И уже через несколько минут машина полковника Зотова покинула позиции роты старшины Ростовой, увозя в Москву кинооператора Германа Шатрова.
А Ростова, благо что было затишье, снова забралась в блиндаж, и вновь слезами наполнились ее глаза. То, что произошло несколько минут назад, испугало ее: ведь теперь ей предстояло все время быть на виду своей роты, к этому наваливались ответственность в решении задач уже военно-стратегического характера, а также дополнительные обязанности в обеспечении роты боеприпасами и пропитанием, так как теперь она отвечала за жизнь каждого вверенного ей бойца. Понятно, что рядом были комбат Ильин, старшина Кудряшов и сержант Анисимов… И все же, все же, все же…
– Разрешите войти, товарищ старшина? – раздался с улицы голос сержанта Анисимова.
– Входите, сержант.
– Меня тут вчера во время атаки царапнуло немного… – начал он, подходя к Надежде. – Даже и не знаю, можно ли теперь к вам за помощью обращаться…
– Ранение?
Сержант кивнул, а когда приподнял край своей гимнастерки, то Ростова увидела след глубокой раны на правом боку бойца.
– Почему молчали до сих пор?
– Так построение было…
– При чем здесь построение, если тебя вчера ранило… – заметила Надежда и вдруг поняла, что Анисимов даже если бы и захотел, то обратиться за помощью не мог, так как Ростова с вечера и всю ночь просидела у завала, где потеряла разведчика Ласточкина.
– Извините, сержант, это моя вина… – сказала она и потянулась за сумкой с медикаментами и бинтами.
Оказав необходимую помощь сержанту Анисимову, Надежда вдруг почувствовала некое смущение.

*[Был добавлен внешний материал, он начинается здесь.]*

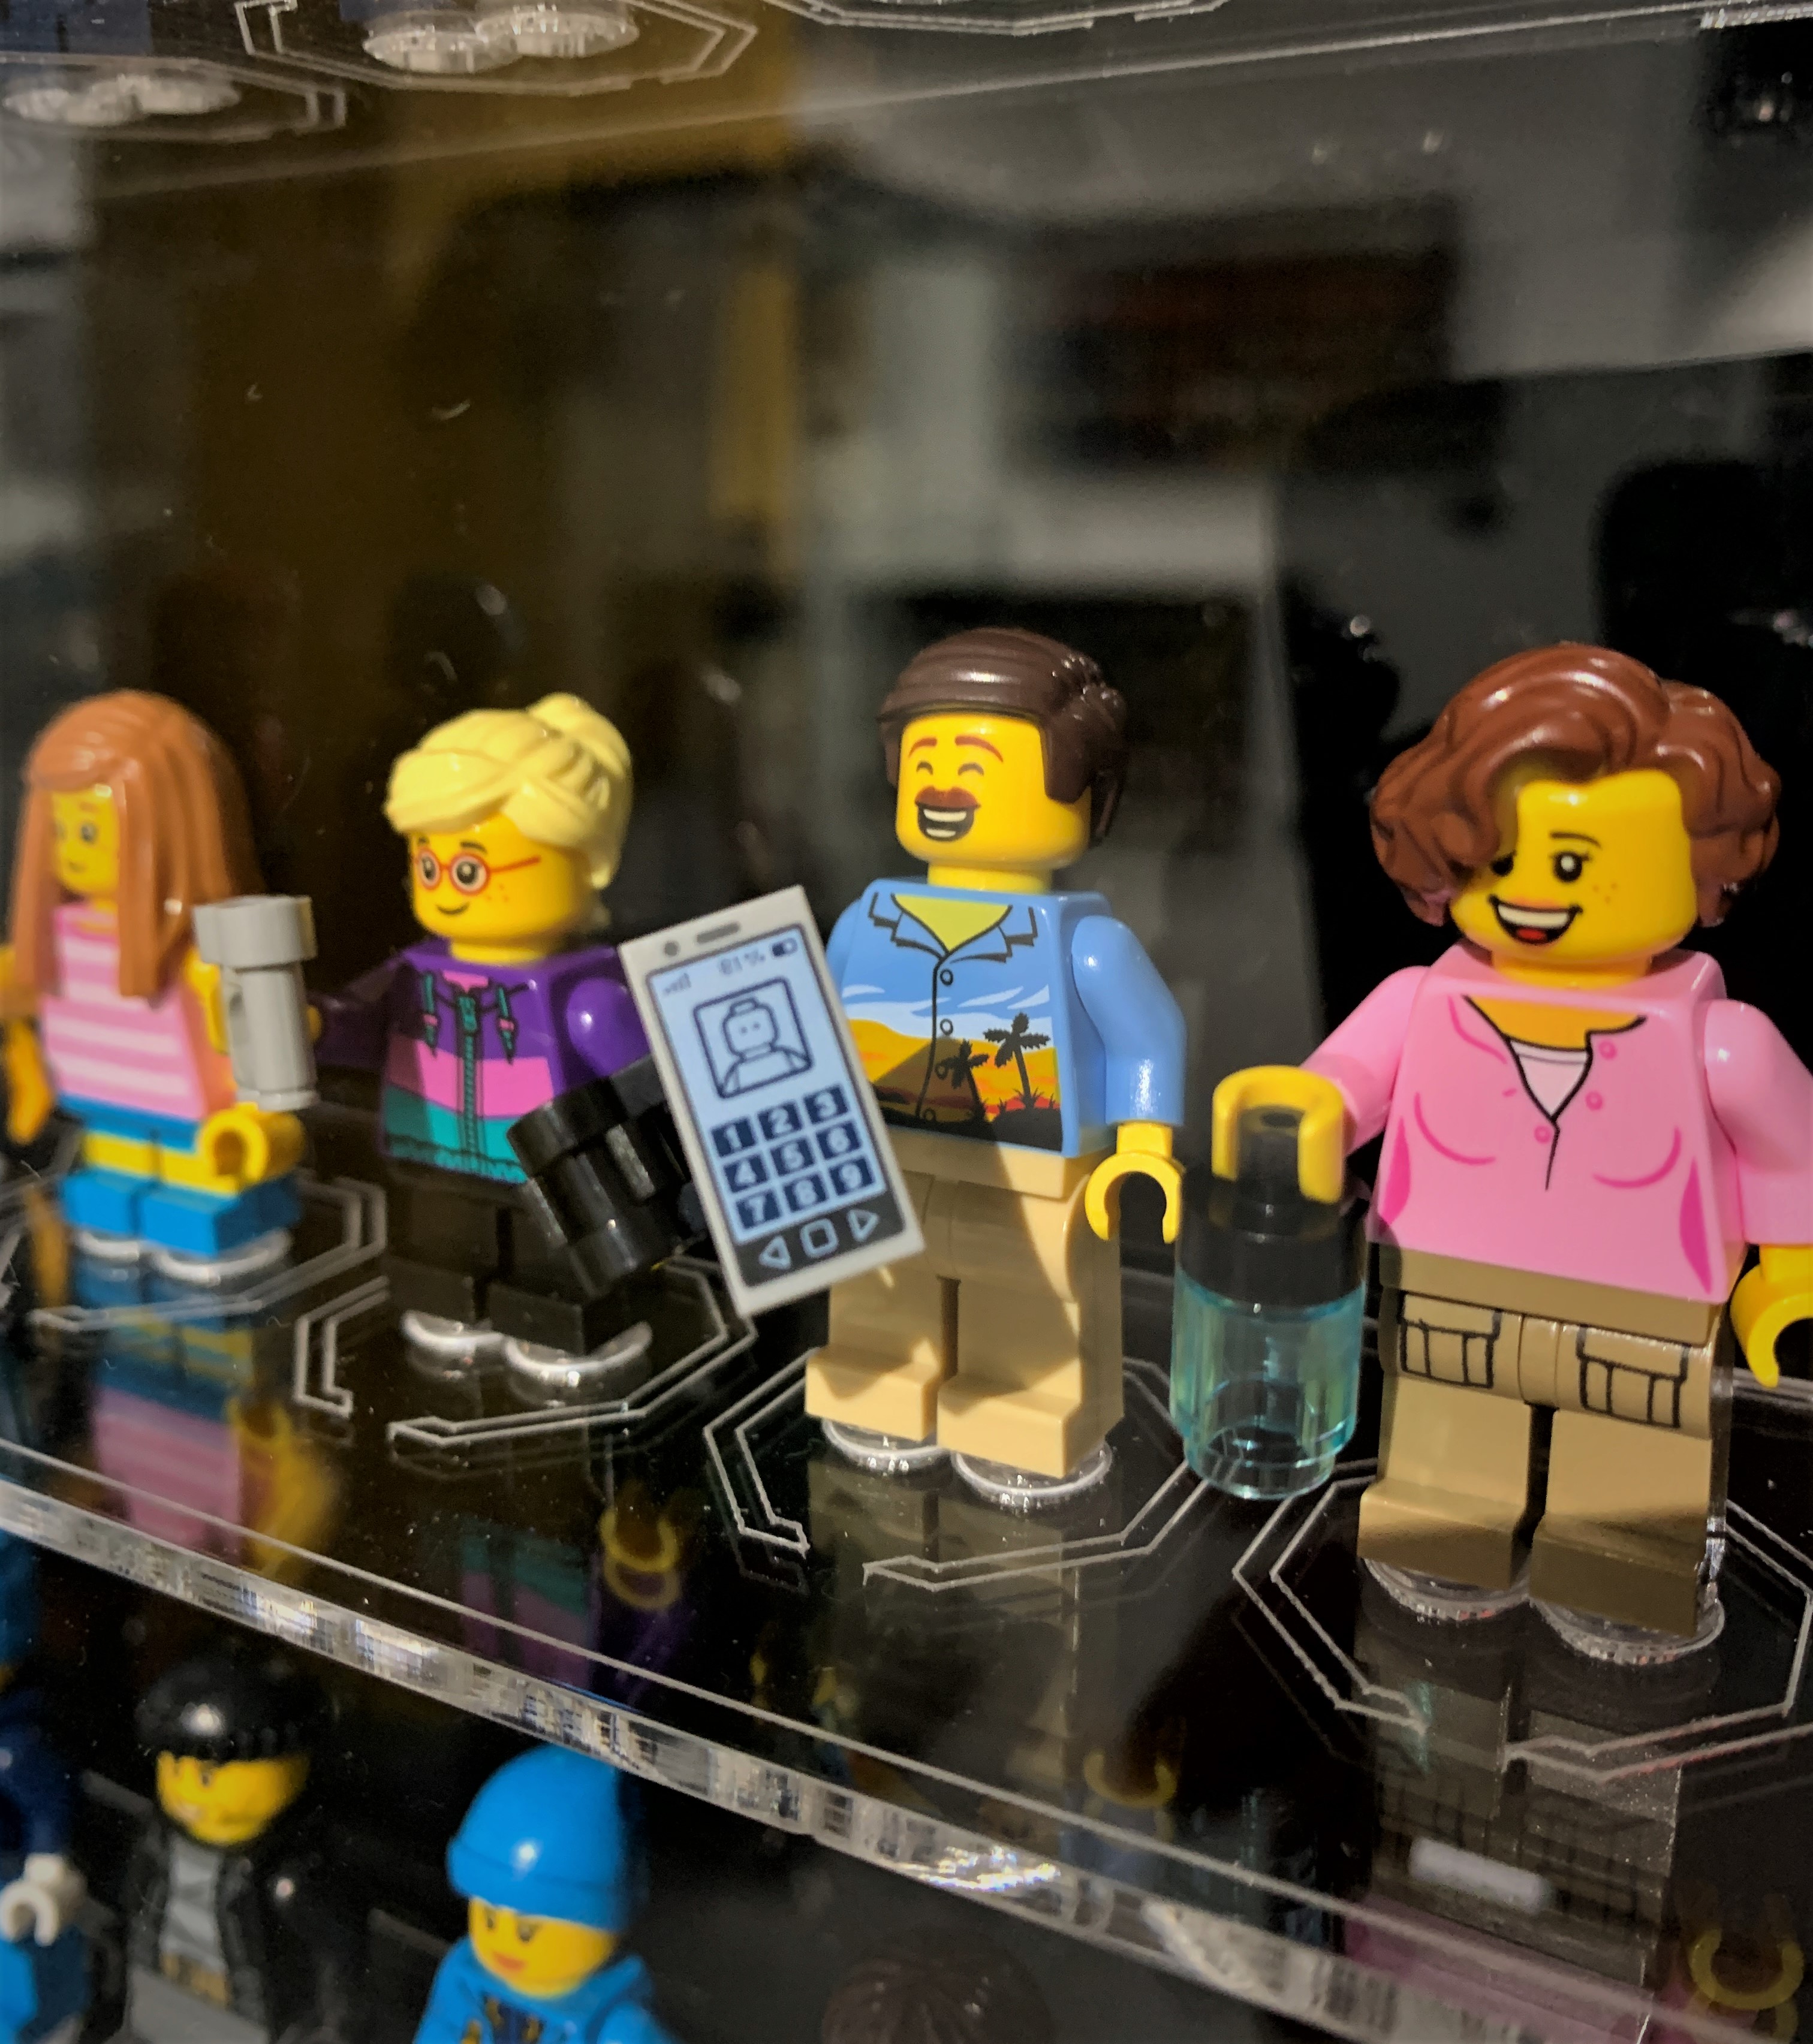 Relacja z wizyty w Bricks&Figs - nowym muzeum minifigurek LEGO® w Polsce

– Я ведь даже не знаю, как вас звать, – вдруг призналась Надежда, – а то все сержант да сержант.
– Виталий я…
Он ответил, а девушка вдруг совсем поплыла. Пожалуй, что впервые в своей жизни она увидела совсем рядом обнаженное тело молодого бойца. Понятно, что в школе на уроках физкультуры и на купании в походах, да и на практике в деревне она видела мальчиков из своего класса. Понятно и то, что шла война. Но сейчас, когда она делала перевязку, то впервые чувствовала, что тело сержанта полно жизни, что оно созрело не только для того, чтобы защищать, но и для того, чтобы давать новую жизнь и продолжать свой род. И от одной этой мысли Надежда смутилась, понимая, что сержант Анисимов и сам не торопится надевать свою гимнастерку, что сам застыл, словно сомнамбула, всего лишь от одного прикосновения ее рук, ее женских рук…
Положение спас вошедший в блиндаж старшина Кудряшов, который сообщил, что майор Ильин вызывает Ростову к себе. Покрасневшая Надежда стремглав выскочила из блиндажа и со всех ног помчалась к месту расположения командира батальона…
Я же позволю себе ненадолго вернуть вас в мирное время. Мы расстались с Надеждой Федоровной во время ее дежурства в больнице. Прошла ночь, и она, сдав смену, поспешила домой. В тот день у нее была назначена встреча с моим отцом-военкомом. Он уже был на пенсии, но возглавлял городской Совет ветеранов войны и собирался прийти к Ростовой в гости, чтобы поздравить Надежду Федоровну с днем рождения. Пожалуй, что он был единственным человеком в нашем городке, с которым она поддерживала дружеские отношения. Кстати, он же, в бытность свою военкомом, выхлопотал для нее в первом построенном после войны доме ту самую комнату, в которой она жила и по сей день, а потом, уже по ее просьбе, они наводили справки о судьбе старшины Зайцева. И узнали, что Владимир Степанович Зайцев добился того, что в начале 1942 года его отправили в одну из действующих войсковых частей на севере нашей Родины. Старшина дошел до Кенигсберга и там геройски погиб при освобождении зоопарка.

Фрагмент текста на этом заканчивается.